# Anima Eterna Beethoven Symphonies



## realmassy

Hi guys,
I'm a almost newbie of the classical world, so please gentle with me 
I'm looking for an complete cycle of Beethoven's symphonies and I'm wondering what do you guys think of the Anima Eterna.
I usually like small chamber orchestras (English Chamber Orchestra playing Haydn is magic), and I've listened to Rene Jacob's Mozart symphonies, and love them.
Would you recommend this boxset? Any alternatives?

Cheers!


----------



## Aramis

Period ensambles like Anima Eterna are good for many composers, but not for Ludwig Van. There is difference between typical classical guy like Haydn and someone like Beethoven who was forwardlooking and revolutionary composer. His music was much ahead of it's time, why perform it with instrumental forces that restricted him in his time and just were not enough for him and his ideas? No, it's out of place, period Beethoven sucks. 

Get Karajan.


----------



## Genoveva

realmassy said:


> Hi guys,
> I'm a almost newbie of the classical world, so please gentle with me
> I'm looking for an complete cycle of Beethoven's symphonies and I'm wondering what do you guys think of the Anima Eterna.
> I usually like small chamber orchestras (English Chamber Orchestra playing Haydn is magic), and I've listened to Rene Jacob's Mozart symphonies, and love them.
> Would you recommend this boxset? Any alternatives?
> 
> Cheers!


There are dozens of threads on the subject of Beethoven symphony sets. Although I'm new here myself, I have easily found what I'm interested in by using the search facility. May I suggest that you try it. All you do is place "anima eterna" in the advanced search box, set it to look for "posts" and hey presto you'll see 19 threads where this version of the symphonies has been discussed on previous occasions.


----------



## realmassy

You're right Genoveva.
I did a search just after posting the thread and found the infos I'm after.


----------



## Weston

Aramis said:


> Period ensambles like Anima Eterna are good for many composers, but not for Ludwig Van. There is difference between typical classical guy like Haydn and someone like Beethoven who was forwardlooking and revolutionary composer. His music was much ahead of it's time, why perform it with instrumental forces that restricted him in his time and just were not enough for him and his ideas? No, it's out of place, period Beethoven sucks.
> 
> Get Karajan.


Well said, Aramis!


----------



## jhar26

Aramis said:


> Period ensambles like Anima Eterna are good for many composers, but not for Ludwig Van. There is difference between typical classical guy like Haydn and someone like Beethoven who was forwardlooking and revolutionary composer. His music was much ahead of it's time, why perform it with instrumental forces that restricted him in his time and just were not enough for him and his ideas? No, it's out of place, period Beethoven sucks.
> 
> Get Karajan.


......or Klemperer.

Haydn was in my opinion also a revolutionary composer though. Considering where classical music was at when he started and where he took it from there his journey was at least as impressive as Beethoven's. Turning the symphony which was nothing more than a little divertimento or an overture from an opera and developing it to such a degree that it became the most important (or at least the most popular) form of orchestral music to this day, virtually inventing the string quartet and piano trio....Despite the fact that his music is very accessible I think he's one of the most revolutionary composers in history.


----------



## Aramis

> Haydn was in my opinion also a revolutionary composer though. Considering where classical music was at when he started and where he took it from there his journey was at least as impressive as Beethoven's. Turning the symphony which was nothing more than a little divertimento or an overture from an opera and developing it to such a degree that it became the most important (or at least the most popular) form of orchestral music to this day, virtually inventing the string quartet and piano trio....Despite the fact that his music is very accessible I think he's one of the most revolutionary composers in history.

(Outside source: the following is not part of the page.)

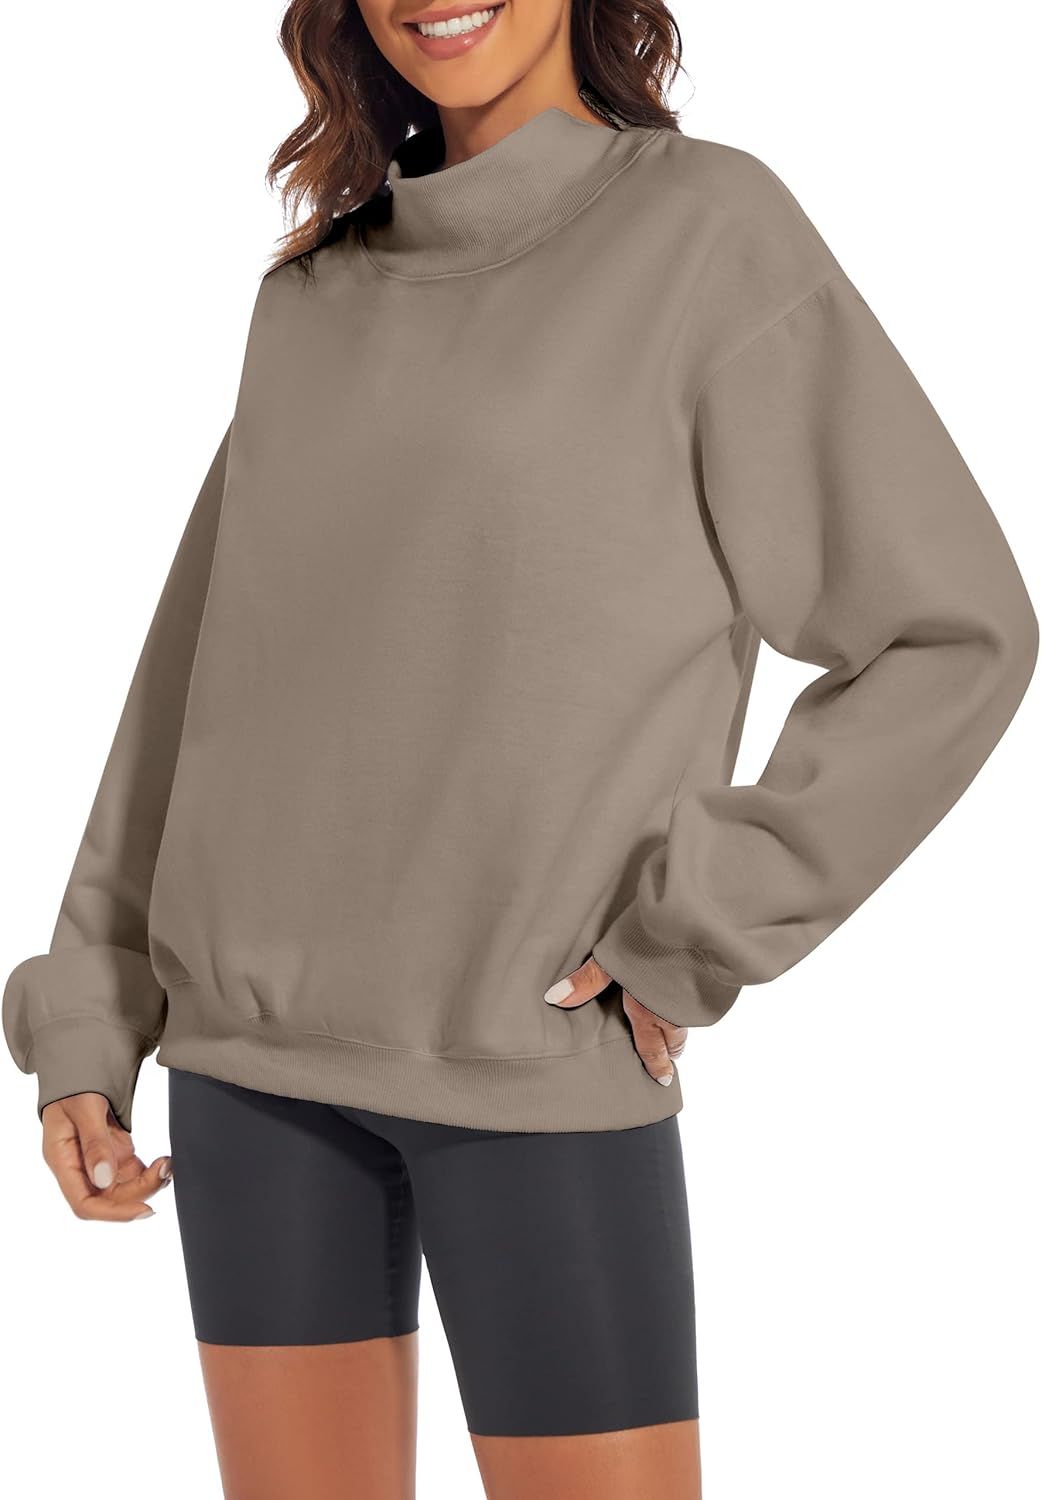 MISSACTIVER Women’s Oversized Turtle Neck Sweatshirt Fleece Long Sleeve Drop Shoulder Collar So... | Amazon (US)

Yes, perhaps I should write more clearly that I meant revolutionary in context of mature classical era.


----------



## Genoveva

I don't agree with the suggestion that the music of a revolutionary and forward-looking composer, such as Beethoven, sounds better using musical instruments from a later period and by following performance practice from a later period. This simply doesn't follow, unless Beethoven can be assumed to have had the most amazing foresight in anticipating correctly later innovations in these areas that would better suit his music. This is not say that alternative interpretations, other than the one he would have been familiar with in his day, won't sound good, but I can't see why a hip presentation isn't a satisfactory approach too. The fact is that most of the growth area in recent years has been in the period instrument/performance practice area.


----------



## Guest

I have one of the discs from Anima Eterna, with the 5th symphony, and actually quite enjoy it. I actually think that period instrument performances of Beethoven's symphonies work quite well. I know that several people enjoy this particular cycle. For me, I quite enjoy John Eliot Gardiner's recording of these symphonies - another period performance conductor. If you like the sound of the smaller ensemble, but want modern instruments, then Paavo Jarvi has an excellent new set of recordings of Beethoven's symphonies. For a larger ensemble, I cannot praise highly enough Osmo Vanska's recordings of the symphonies. Karajan is highly recommendable as well. I haven't heard the Klemperer recordings, but am a huge fan of Klemperer. Unless I am mistaken, though, not all of his recordings of the Beethoven symphonies are in stereo - some are mono - and if you want clearer sound, they might not appeal to you. When I first started out listening to classical, I didn't much care for older, pre-stereo recordings. After I got more into it, then I started to appreciate older mono recordings. Along that line, Furtwangler has a recording on EMI of Beethoven's 9th, in mono, which many people find to be the definitive recording.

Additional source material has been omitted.